Das Team ist auf knapp 100 Köpfe angewachsen und belegt im Grazer Headquarter inzwischen zwei Stockwerke. Für Wieser liegt genau hier der größte Lernprozess und der Schlüssel zum Erfolg: „Was sich schon immer wieder bestätigt ist, dass eigentlich alles an den Leuten hängt“. Trotz steigender Mitarbeiterzahlen habe man es geschafft die hands-on-Mentalität nicht zu verlieren.

„Wir suchen Leute, die nicht sagen: Das war immer schon so, sondern die auch hinterfragen und eigenständig Themen übernehmen, ownen und weitertreiben.“, erklärt Wieser. Aktuell hat Arivo einige Stellen im Softwaredevelopment ausgeschrieben und überlegt auch einen zusätzlichen, kleinen Standort in Klagenfurt aufzubauen.

Der bargeldlose Arivo Screen im Parkhaus der Messe Graz © Arivo

Bootstrapping statt VC-Millionen

Trotz des starken Wachstums bleibt Arivo weiterhin komplett eigenfinanziert. Anfragen externer Kapitalgeber schlägt das Gründerteam konsequent aus: „Ich glaube, es kommen jede Woche fünf Mails wo irgendwer sagt, er möchte investieren. Aber wir finden es sehr angenehm, nicht von Investoren abhängig zu sein“, gibt sich Wieser im Gespräch pragmatisch.
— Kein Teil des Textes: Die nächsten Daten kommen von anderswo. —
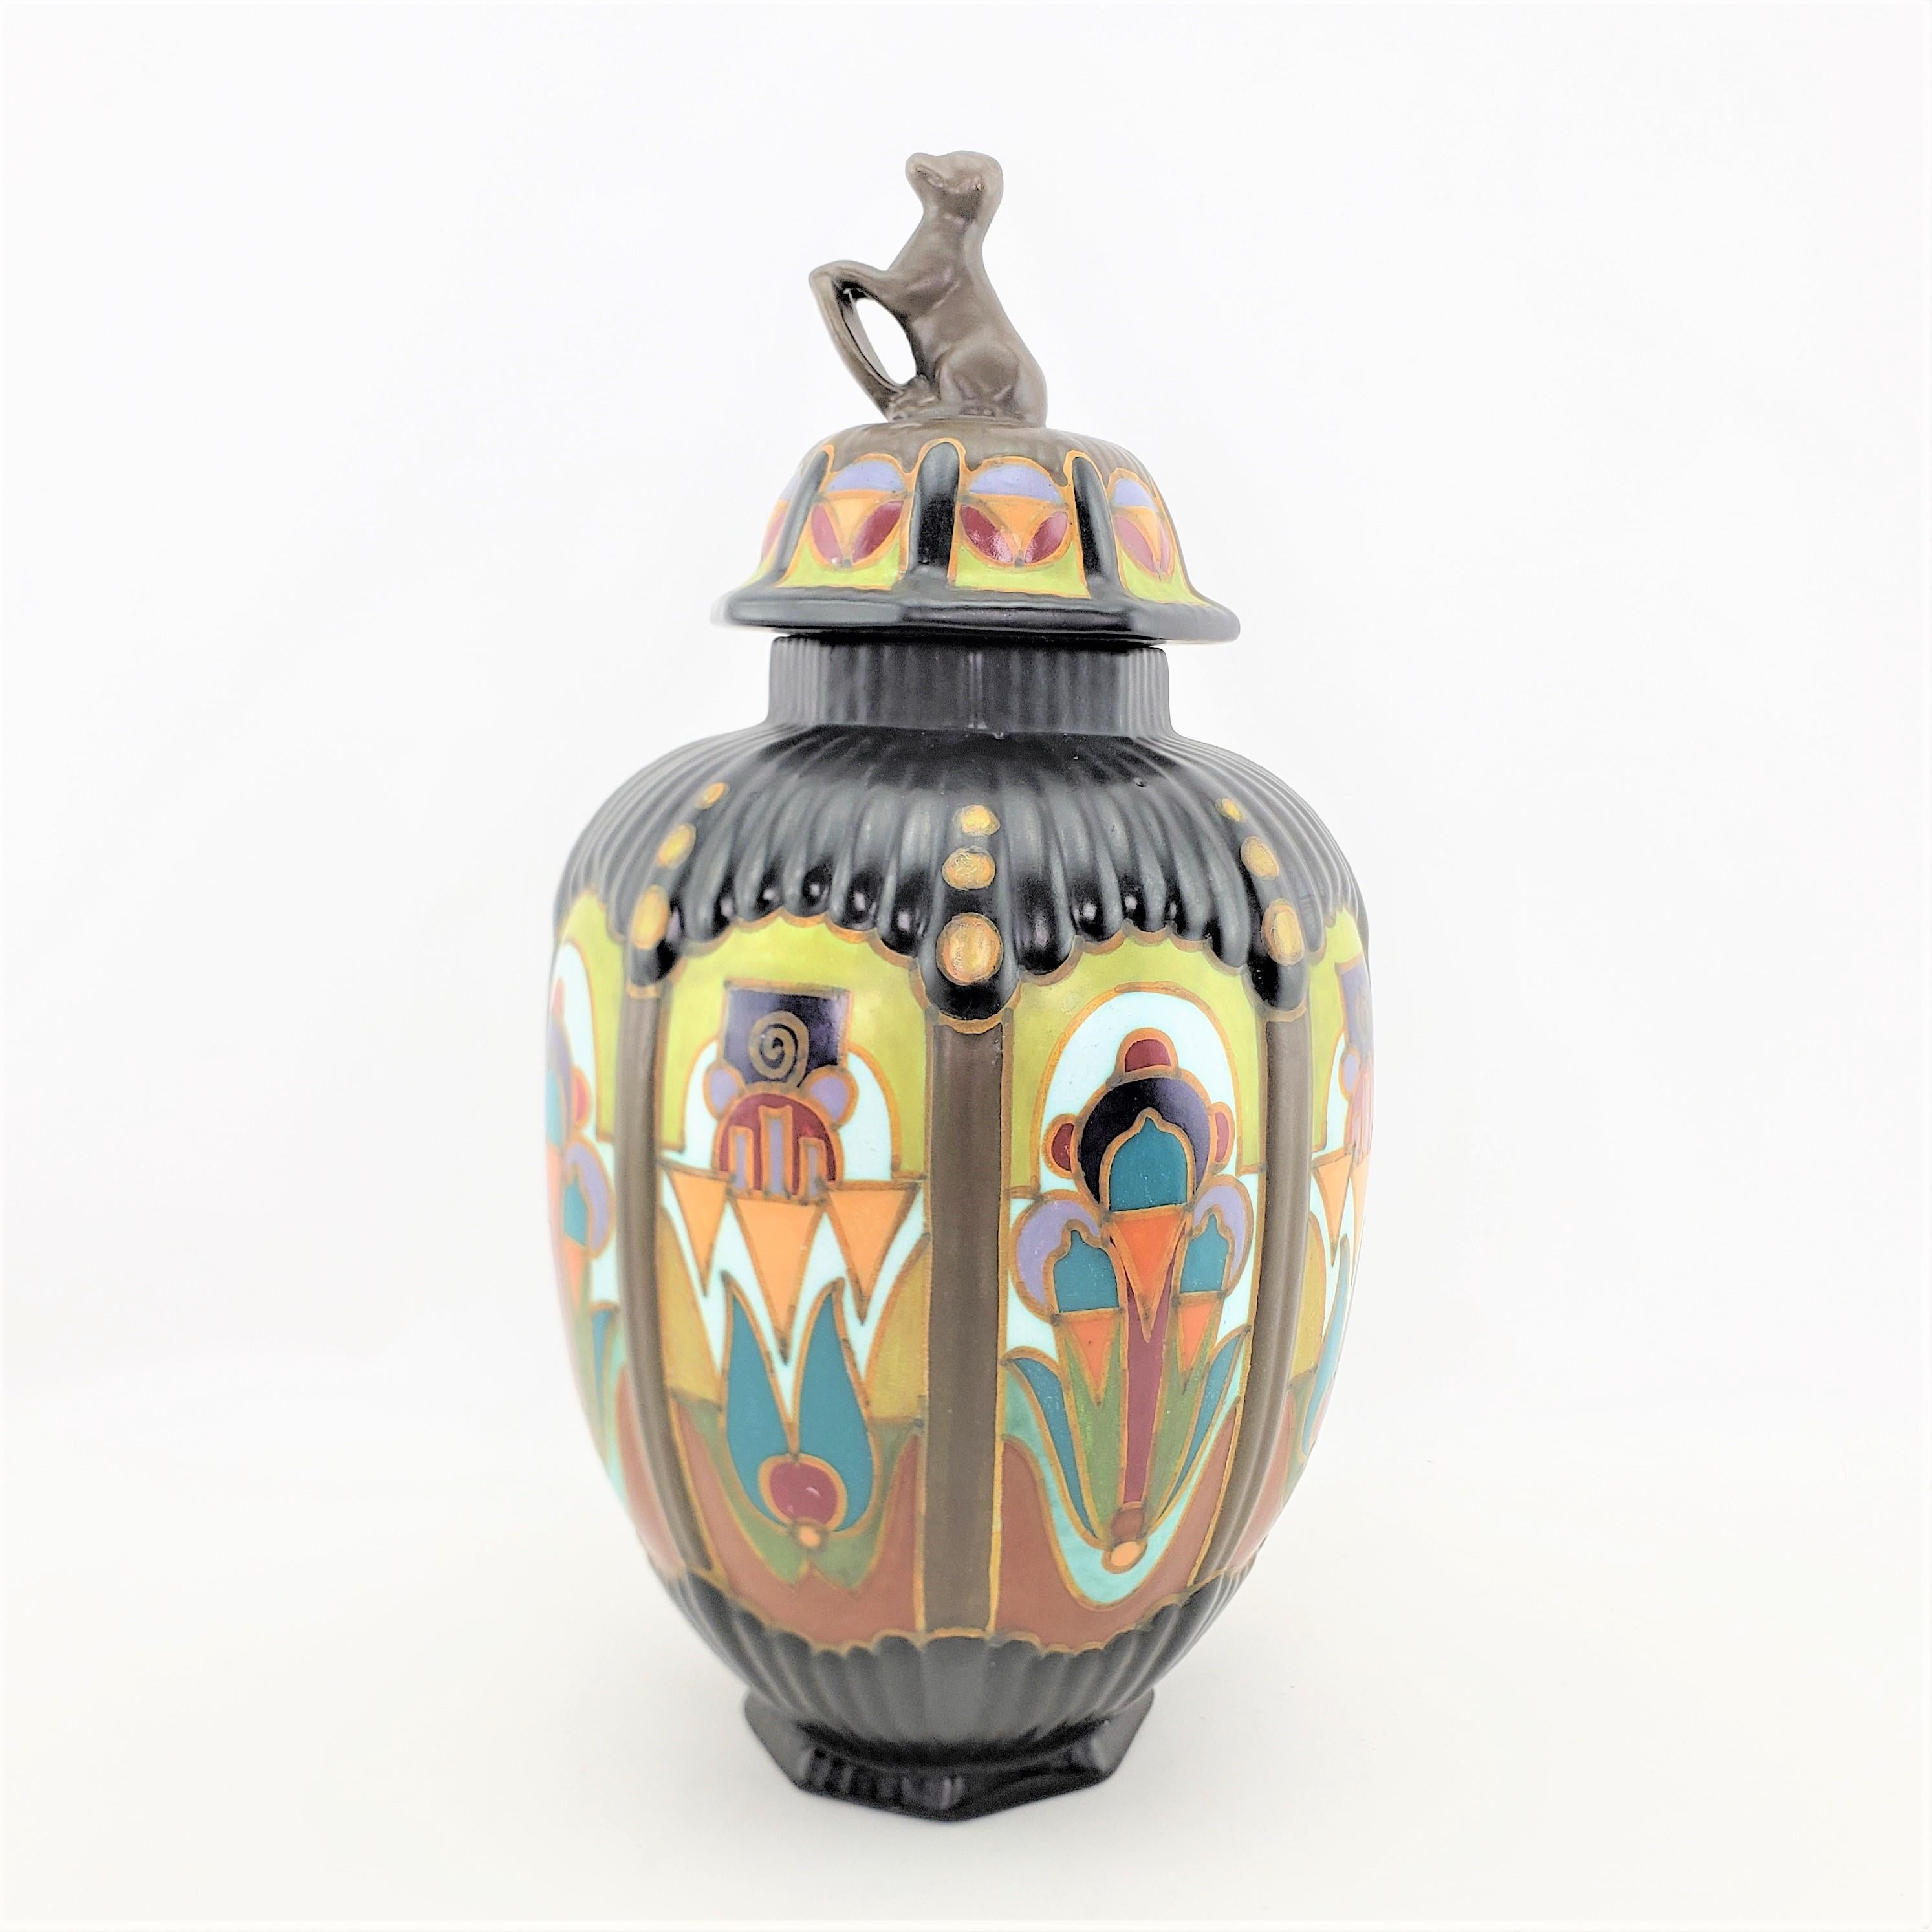 Ce grand vase ou urne à couvercle en poterie d'art a été fabriqué par Gouda en Hollande vers 1920 dans un style Art déco d'époque. Le vase à couvercle est doté d'un rebord et d'une base octogonale avec des côtés nervurés. Le corps du vase est

Die strategische Linie bleibt damit unverändert klar: Das Scaleup plant, den DACH-Raum vorerst aus eigener Kraft weiter zu durchdringen. Lediglich für eine spätere Internationalisierung über diesen Kernmarkt hinaus schließt der Gründer eine Finanzierungsrunde in der Zukunft nicht gänzlich aus.